Scenario: Robot types reply that has random pauses
Given a robot receives a message
When the robot types a reply
Then the reply has pauses between characters that randomly vary between 0.2 and 0.5 seconds

Testing this scenario would probably require automation to measure the delays between characters appearing on the screen. The test would just check that the pauses fell within that range and that they were not all the same.

One tricky issue is the meaning of random. Checking randomness involves technical tests.
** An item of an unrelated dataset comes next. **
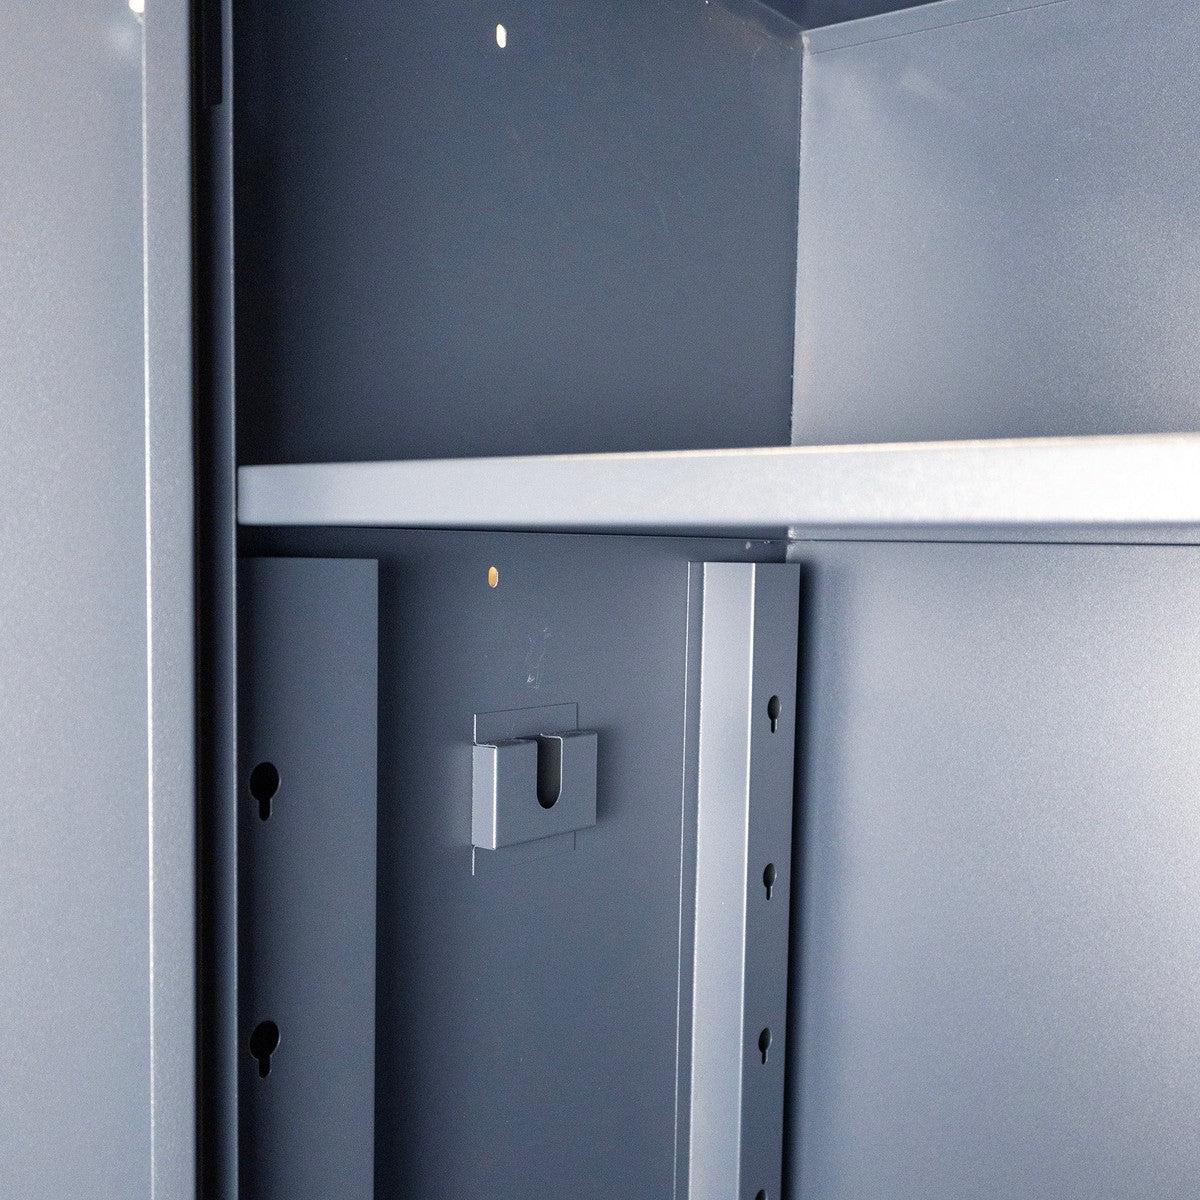 24" Tall Cabinet with Aluminum Handle, Dark Grey

Wikipedia has some details on randomness tests.  These tests check that a sequence is random to some level of confidence.

At the high level, the randomness could be checked by using a large number of replies and testing the set of pauses that were inserted in the replies.

Scenario: Robot types random pauses over a large set of replies
Given a large set of replies
When the robot types them
Then pauses between characters are random with a confidence level of 99%

Now this scenario and the previous one cover the external behavior for the requirement. In answer to Gojko’s question, I would have both of these scenarios to cover the requirement. They represent behavior that is externally visible.


As an internal test, one could run the randomness tests against the method that produced a random sequence, if the creator had not already done so.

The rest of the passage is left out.